Read: “My editing studio is a little room that’s next to the control room for Goossens Hall. I use my own Grace mic preamps and Grace D/A converter, straight into the Pyramix system. It’s a tidy little self-contained rig! Mostly I record in Goossens but sometimes I go further afield because you still need to go to the right venue for the music. I was at a church in Glebe in the freezing cold a little while ago recording a Gregorian chant CD, so it is mobile.

“I’ve been using little Genelec 1031A monitors for a long time, but I’ve just upgraded to these Grover Notting [Mastering Series] Code 101s. It’s a new range that Frank Hinton, down in Melbourne, has got. They’re really very nice, and he’d lent me a pair for a couple of weeks. As it happens, just I was editing and mixing Sally Whitwell’s CD.”

With regards to her approach to recording All Imperfect Things, Whitwell had a very specific sound in mind that required Read to approach the project a little differently.

Read: “This one was interesting in that Sally really likes an intimate sound — she really wants to capture the pianist’s perspective of the sound. She understands that the way you mic something actually has an influence on the expression of the CD. Invariably, all the other piano CDs I’ve recorded have been a more distant sound; I use fewer mics and the music is filling the space a bit more. This particular recording though, has a narrower dynamic range, so you can get in closer. If you’ve got really extreme louds and softs, it’s hard to get too close.

“So I had a pair of DPA 4006 omnis in a ‘spaced pair’ configuration out in the hall to pick up the piano in a more traditional way, but put an ORTF pair of Schoeps MK21 microphones, literally above Sally’s head, so they were looking down onto the hammers. You’re still getting the sense of a piano in a space, and you do hear the sound reaching out into the room, but it is also very much what Sally is hearing while she’s playing, with all that ‘oomph’, and it’s nice for people to hear that. Those low notes on the piano are fabulous! If you’re going for a more traditional distant sound, you can lose that real grunt in the piano, but we were able to capture that with this particular repertoire. So it was quite different to how I normally record a piano.”

When it comes to mastering, even with her experience in that area at Classic Sounds in the US, Read admits these days she only really masters recordings she’s undertaken herself.

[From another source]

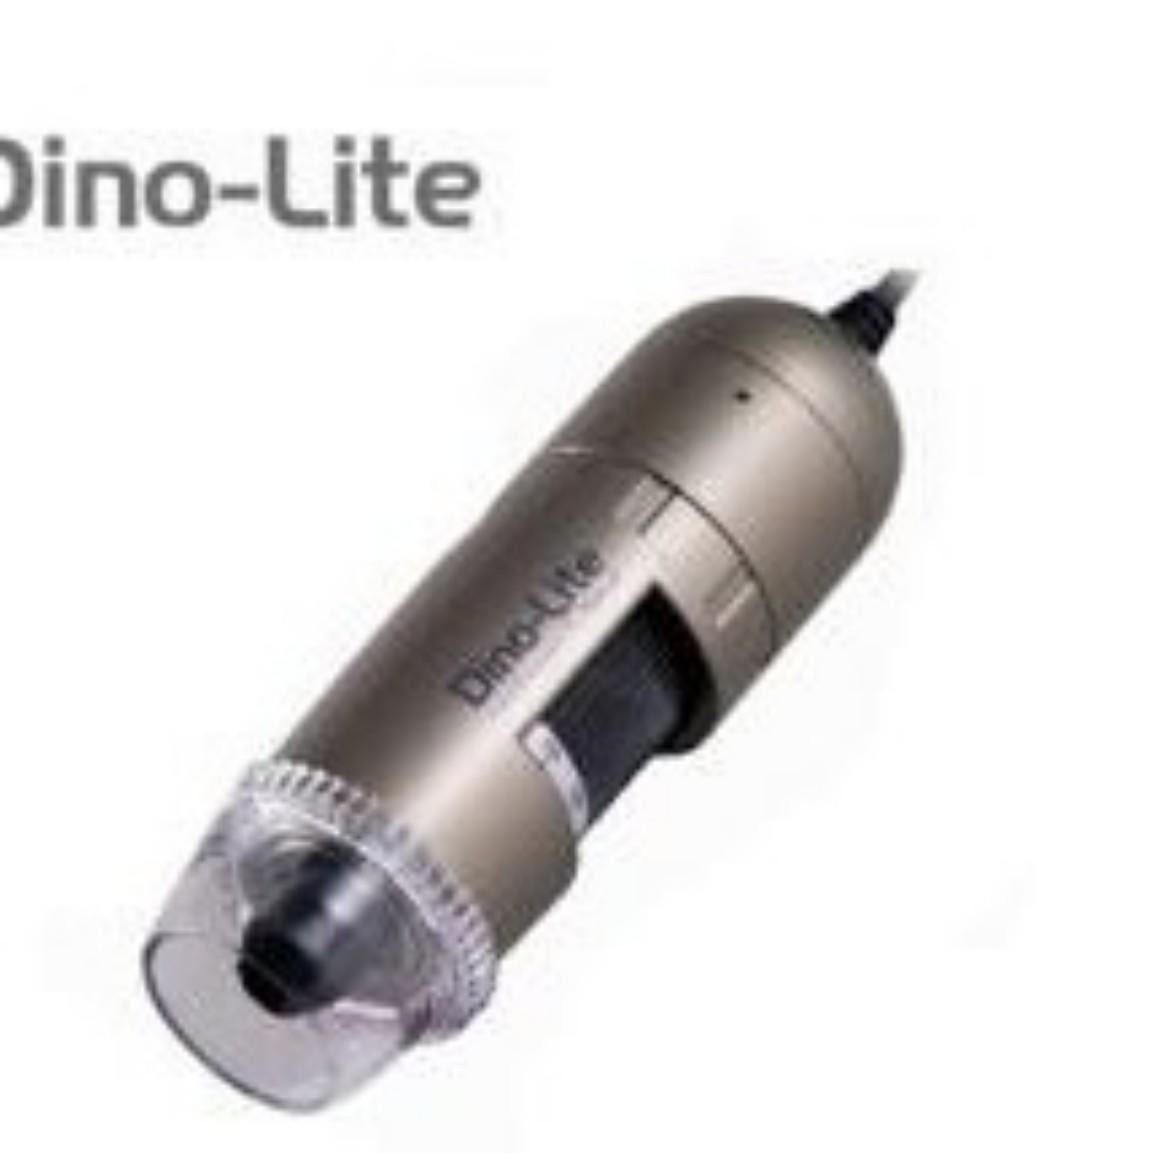 dino-lite 数码显微镜 AM4113ZT4 数码显微镜

Though she will occasionally work on projects she’s been involved in, but have been produced by someone else, if it’s an ABC release.

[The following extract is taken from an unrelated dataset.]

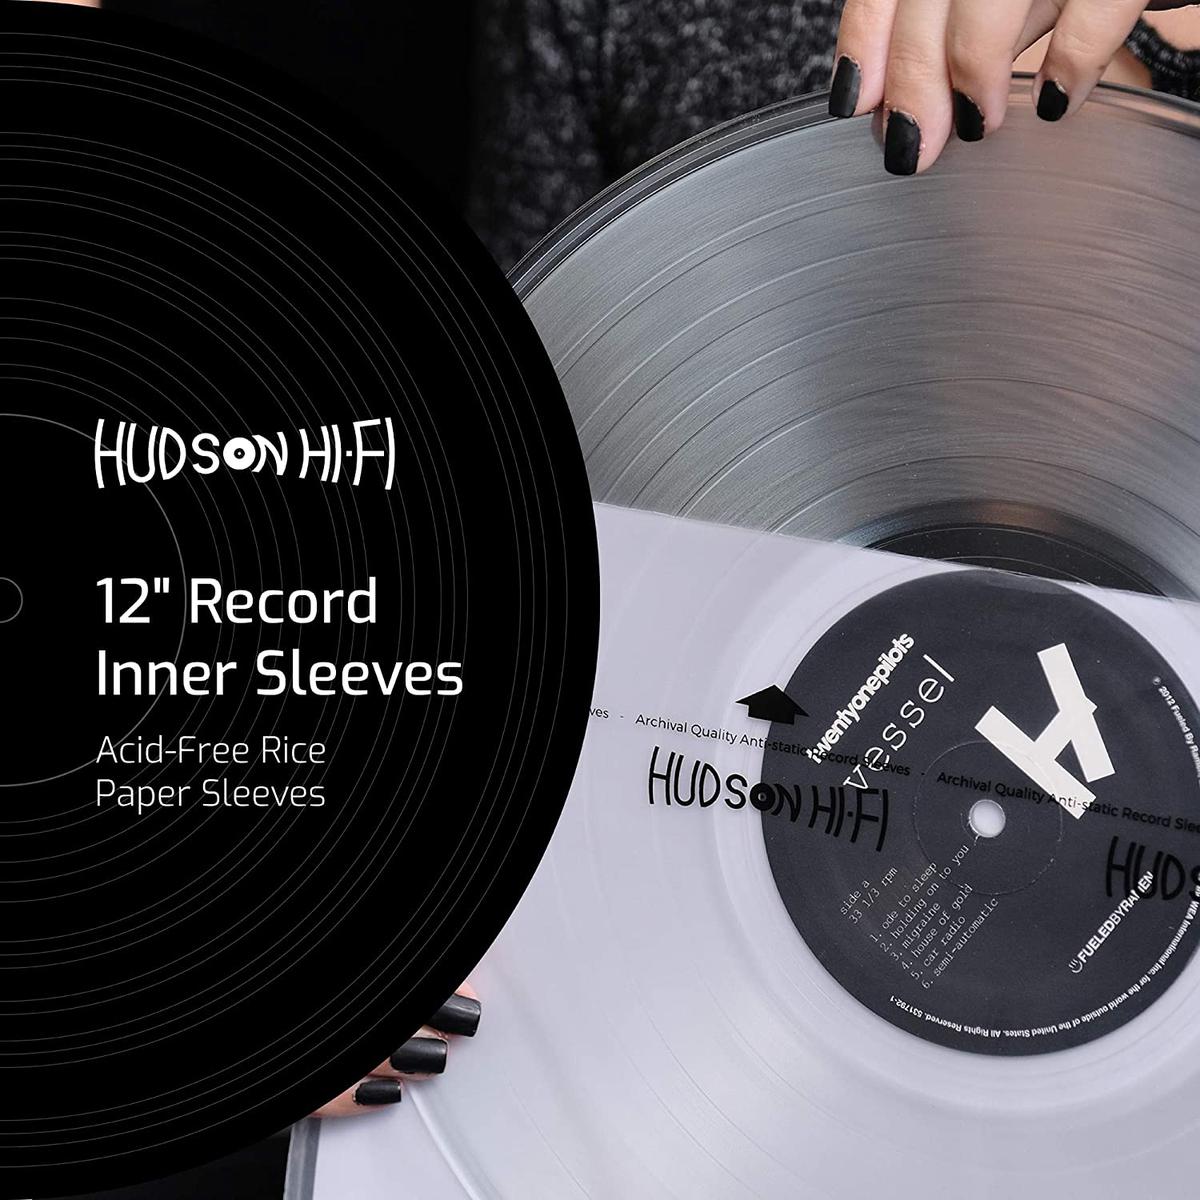 Hudson Hi-Fi Anti-Static Vinyl Record Inner ...

“There’s a certain degree of necessity involved,” she admits. “The turnaround time tends to be quite short. But as we’ve moved from mixing things live — where more was needed out of the mastering stage in a classical recording — I’m finding, now I can multi-track, that I’m able to be much more careful with the mix and really refine it. Which means in mastering I’m not altering the sound much, or if I am, it will be to deal with some issue that wasn’t particularly solvable during recording — it’ll be something I know about before I even get to post-production. It’s better of course to solve a problem then and there, at the recording session, though some things are better dealt with at mastering.

“Lately, I’ve been doing a lot of recording involving singers and I find I’m really happy with the balance I get at the mixing stage. In many ways, during the mixing process, I’m employing mastering techniques to ensure my mix is sounding as good I can, so at mastering I find I have no desire to do any more to the sound.

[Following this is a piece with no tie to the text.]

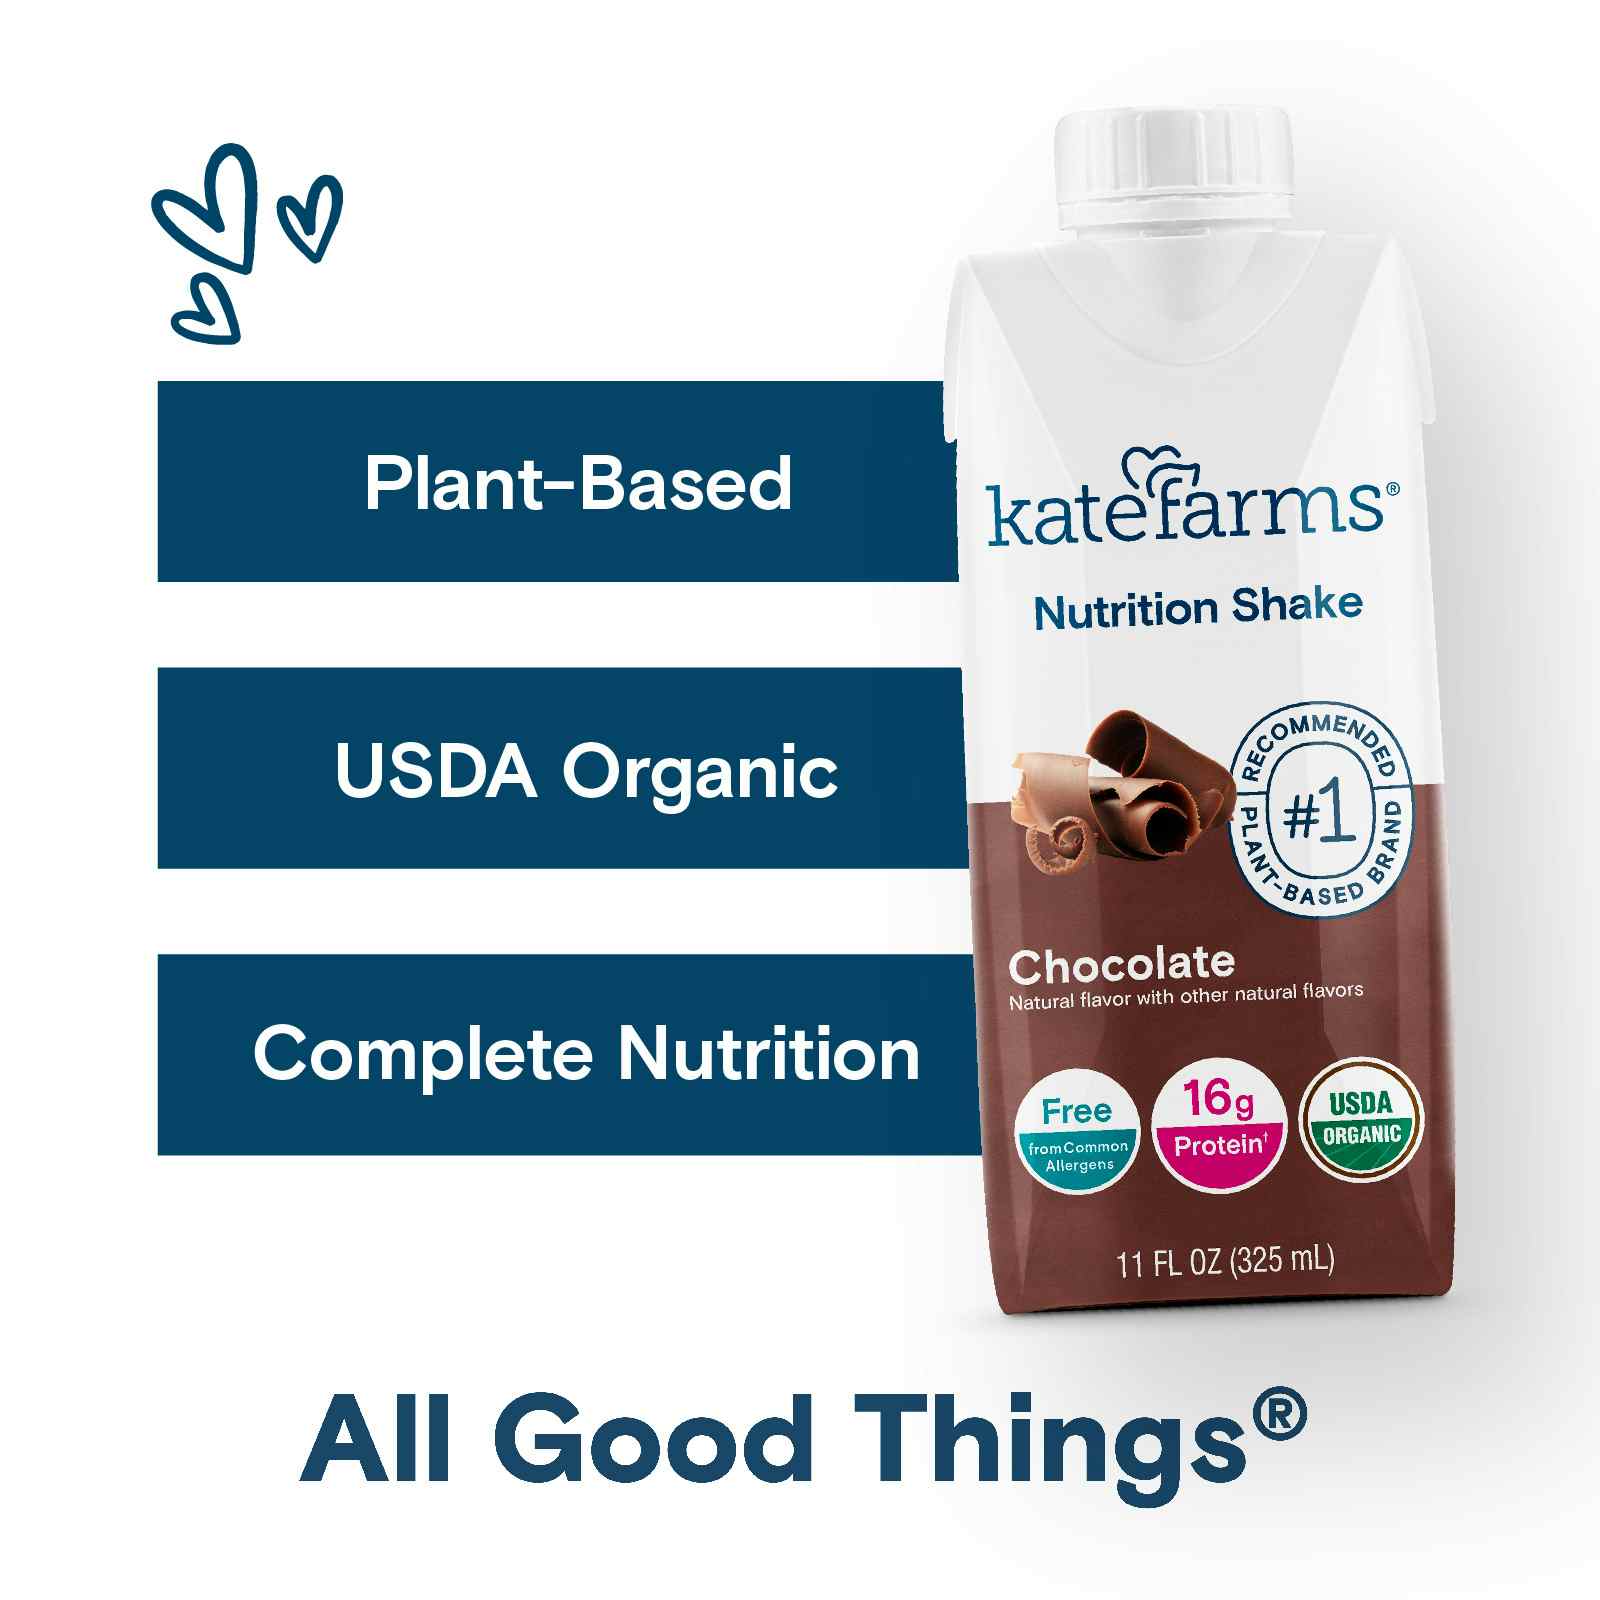 Kate Farms Nutrition Shake

“But I do definitely restrict myself to mastering classical music,” she admits with a self-deprecating laugh. “I wouldn’t dare presume to do any other genre of music. I stick to the acoustic world.”

Again, Read utilises the mastering options available in the Pyramix system but also uses a TC Electronic M6000 Mastering Processor and a Prism converter. Having until recently mastered in the main to 16-bit/44.1k, she is now accredited for Mastering in iTunes and mastering two versions of all forthcoming ABC Classical recordings.

Virgina Read’s Pyramix system and Grover Notting amplifiers that power her CODE 101 monitor speakers.